Since the 1980s, higher education and research have developed rapidly in Asia. This has been a logical consequence of booming economic growth in countries such as Malaysia, Singapore and South Korea. Regardless of whether their economic successes were built on trade, industrial production, or natural resources, most of the countries have realised the need to look to the future and build their societies based on innovation and knowledge. Higher education systems in these countries are growing outwards with the construction of new campuses to enrol more undergraduate students. At the same time, they are reaching upwards with the introduction of more graduate programmes to ensure a steady supply of qualified professors and researchers.
The book 'Higher Education in Asia: Expanding Out, Expanding Up' examines the dynamics associated with the growth of graduate education in Asia, with particular attention to the middle-income countries of Southeast Asia. By looking at the system as a whole, the authors attempt to evaluate the strategies used to respond to current demands and also to build a sustainable system that can continue to grow in terms of quality and reputation. Some of these policies can be considered controversial, such as the growing reliance on the private sector, which raises issues of equity in access to higher education. Concerns also arise with the unintended consequences of being guided by international rankings to attract staff, students and even from international investment. Through a series of case studies in middle-income Asian countries, the authors also provide valuable insights for developing countries across the region to find their own balance as they embark on new policies and reforms of their higher education and research systems.
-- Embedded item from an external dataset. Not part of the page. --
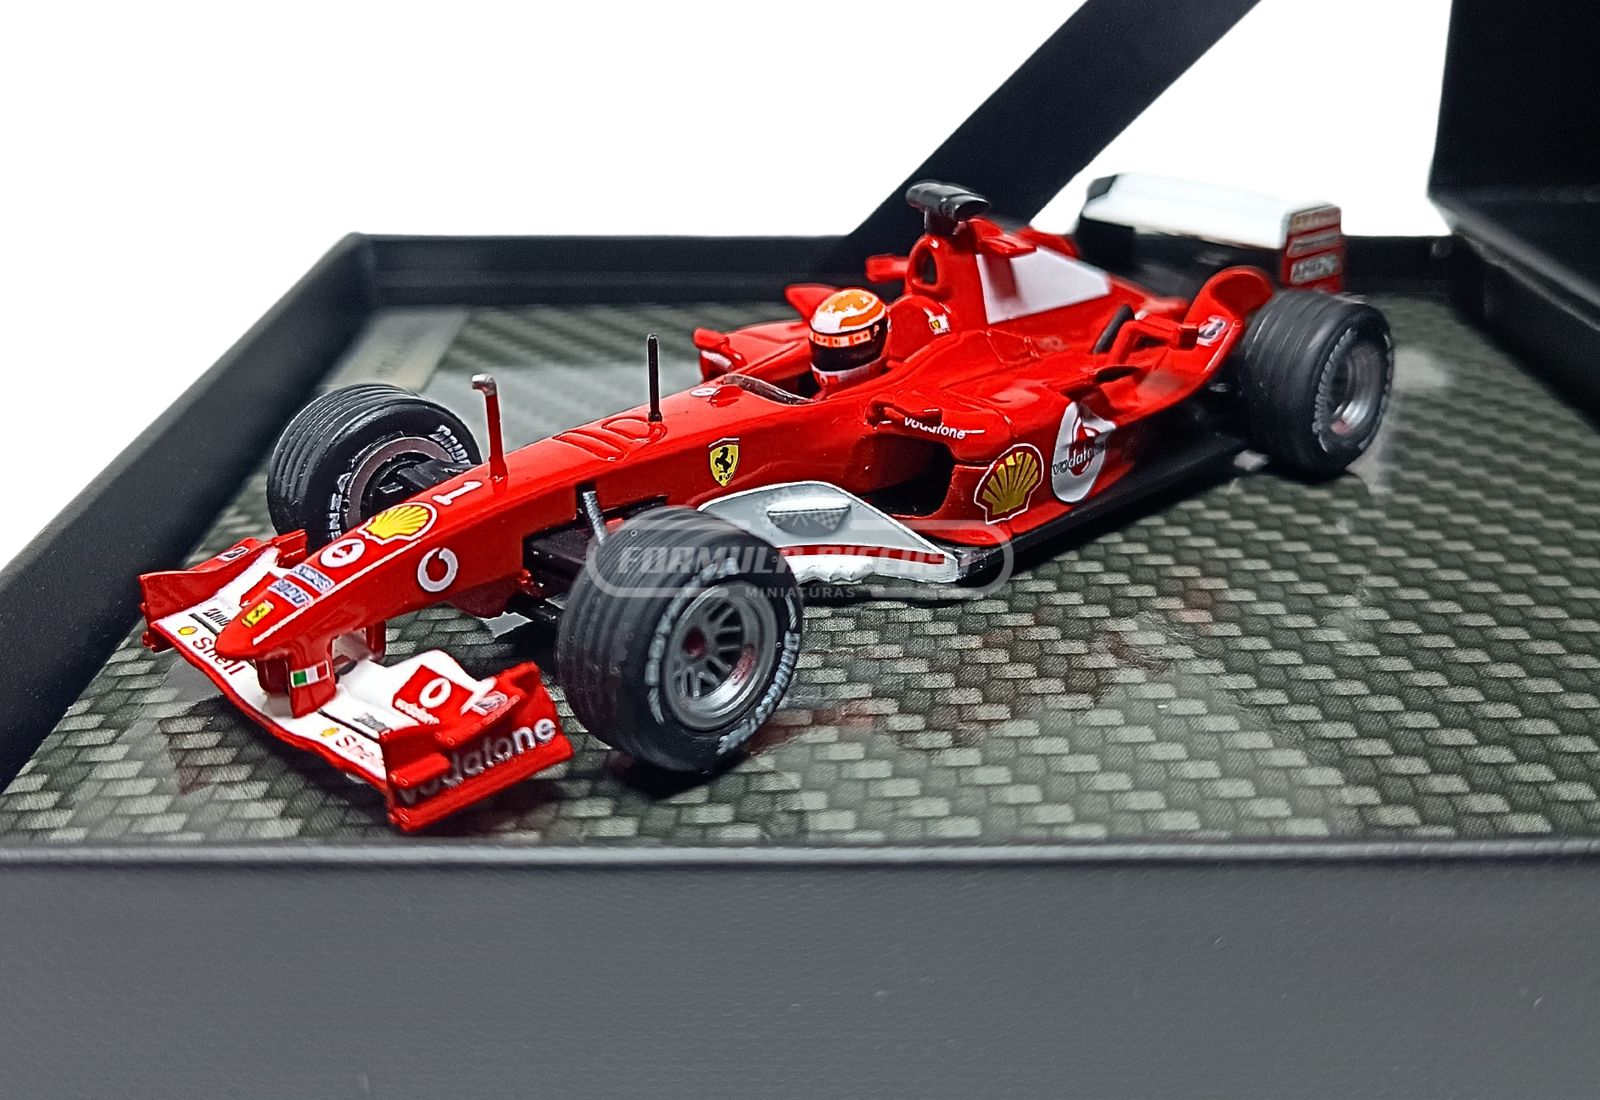 Miniatura de carro Ferrari F2004 #1 M. Schumacher, 1º lugar GP do Japão, Campeão Mundial F1 2004, escala 1:43, marca IXO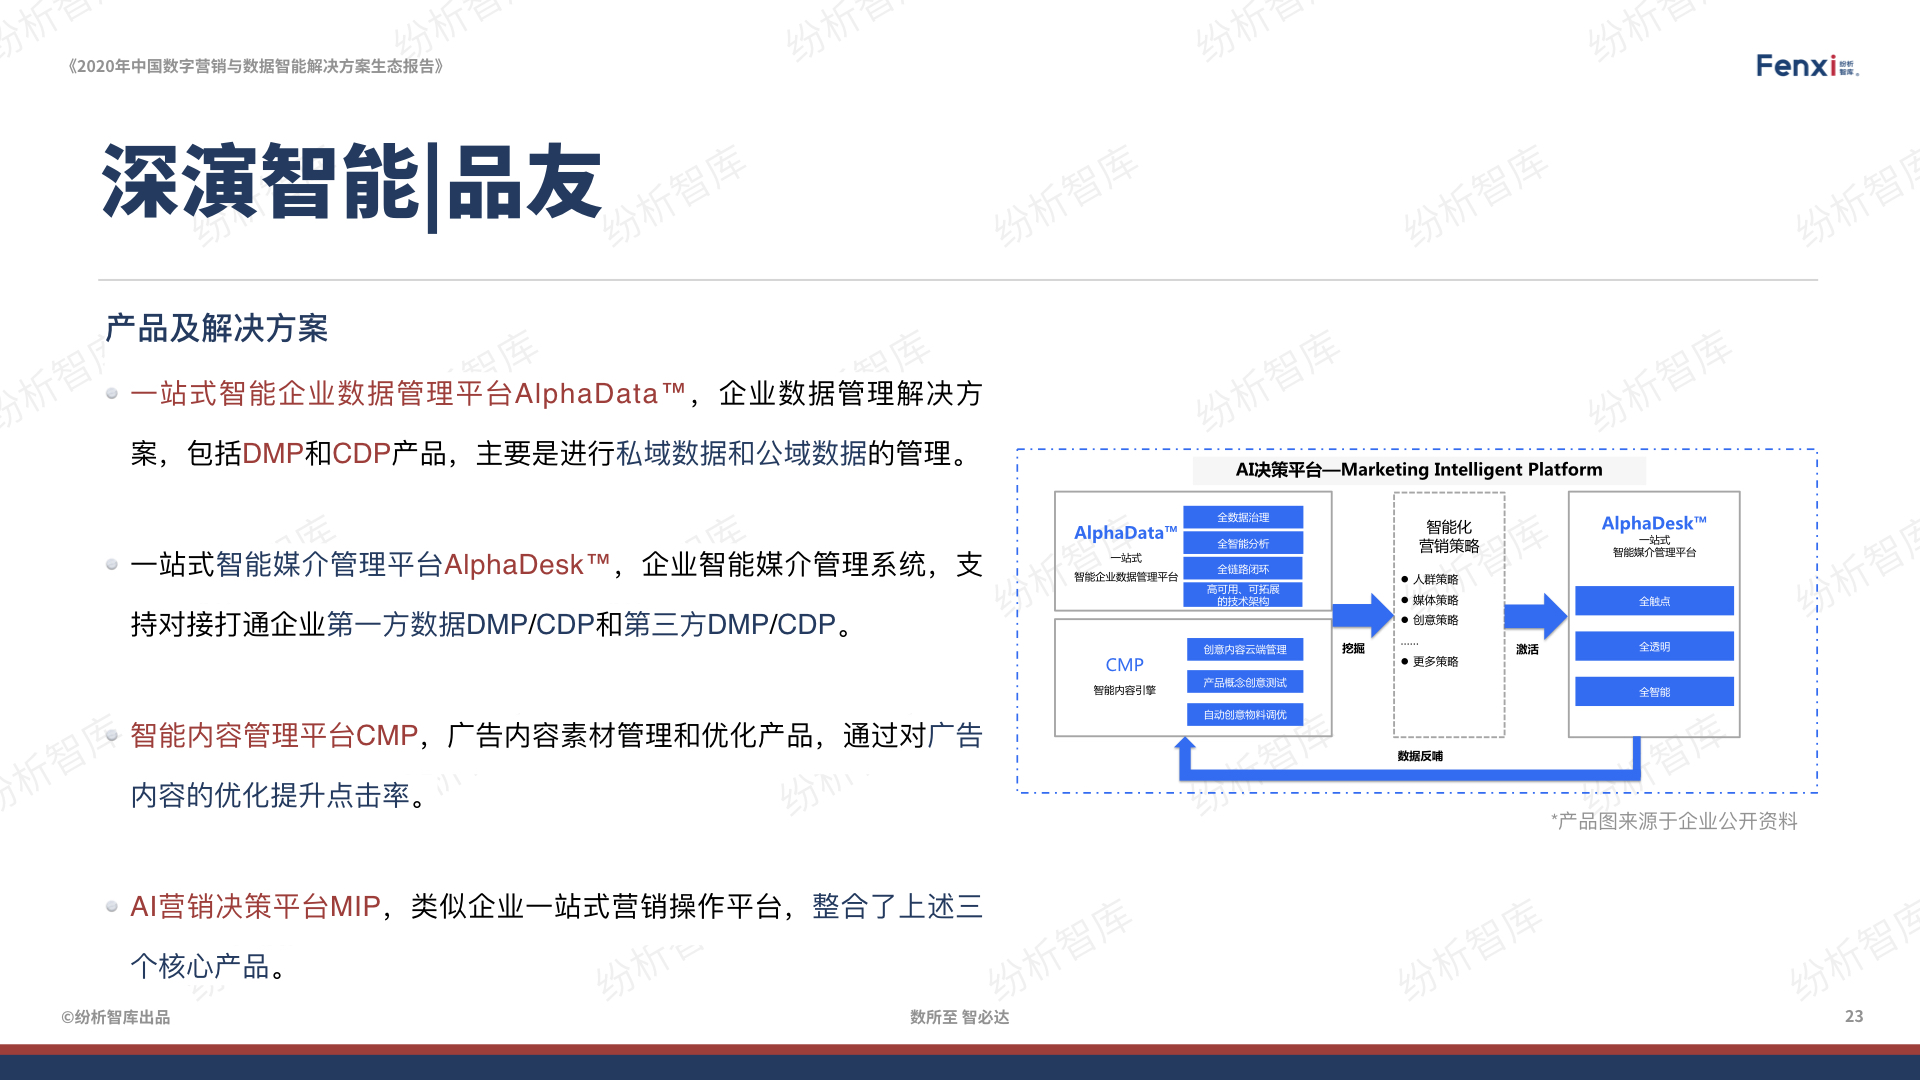 【V8】《2020年中国数字营销与数据智能解决方案生态图报告》0106.023.jpeg

The book contains five chapters. The first chapter entitled 'The reshaping of higher education across Asia' analyses the convergence of pressures that have resulted in dramatic enrolment increases in university education in the region. Enrolment in higher education has experienced explosive growth across Asia over the last two decades, the result of school participation rates, increasing demand of society and economy for specialised human resources, and the perceived importance of advanced education in subsequent life opportunities. This enrolment growth put financial pressure on many governments. In response, governments sought ways to lower the cost of instruction in public universities and shift more of the cost of higher education to students and their families. At the same time, to reduce student demand for access to public universities, many governments changed legislation to allow and encourage the growth of private universities, now the fastest-growing segment of higher education in the region. However, increased access to higher education has not necessarily led to greater equity. The poor remain disproportionately limited in their access to higher education.
Chapter 2 examines the dynamics associated with the expansion of higher education in Malaysia and Thailand, which have experienced the most dramatic growth at this level of education over the last decade. A case study of these two middle-income countries was undertaken to further elaborate the reasons that governments and higher education institutions in these countries are expanding their graduate level programmes, how the growth of graduate education is affecting the professional lives of the faculty and administrators leading those programmes, and the institutional-level issues associated with this expansion. Support for expanding graduate education in these two countries has been largely tied to the belief that investing in higher education will lead to an educated workforce and that, as evidence of an educated workforce becomes known, it might attract international investment that will eventually pay off in national economic development.
The third chapter entitled 'The case for graduate education: Does university-based research really lead to national economic development?' examines the role of research in national economic development, with a specific focus on university-based research in low- and middle-income countries. While there is considerable evidence that countries which spend more on research benefit from that investment financially, that linkage can be complicated. In many countries, most research is not done at universities but by private sector enterprises. One reason is that private sector enterprises are reluctant to outsource their research. They tend to want proprietary rights over new findings that might have commercial application. This chapter shows that many elements of university and government research have very low direct returns and contribute to economic growth only indirectly. These indirect effects can be important and often take the form of knowledge spillovers to the private sector. University-based research can yield important benefits to national development but does not necessarily lead to the economic payoffs that governments expect.
The next chapter titled 'University research productivity across Asia' is divided into three parts. Part 1 provides a brief overview of international university ranking systems, how the major ranking systems differ, and the implications of universities choosing to benchmark against one system versus another. However, university ranking systems typically treat the university as the basic unit of analysis. A rank is assigned to the overall institution. Yet, often there are pockets of excellence, even in those universities that may not earn the highest overall institutional rankings. These pockets of excellence can still have meaningful implications for institutional reputations and national economic development. Part 2 examines patterns of research excellence below the level of the university by focusing on broad and niche subject areas. One way to increase both research capacity and output is through collaboration. To that end, part 3 examines the role of international collaboration in research productivity. The authors analyse the growth in research productivity in 26 selected countries or territories across East, Southeast and South Asia, measured in terms of publication rates, and examine the extent to which those publications have been a product of within-region and wider international collaboration. Findings indicate that international collaboration is an effective way to boost both productivity and quality in university-based research.
The last chapter of the publication summarises key themes as discussed in the previous chapters and highlights core issues that governments and higher education systems will need to address in going forward. Every country in South Asia has to find its own balance between expanding out and expanding up in terms of higher education and research.
S. M. Rayhanul Islam is an independent researcher.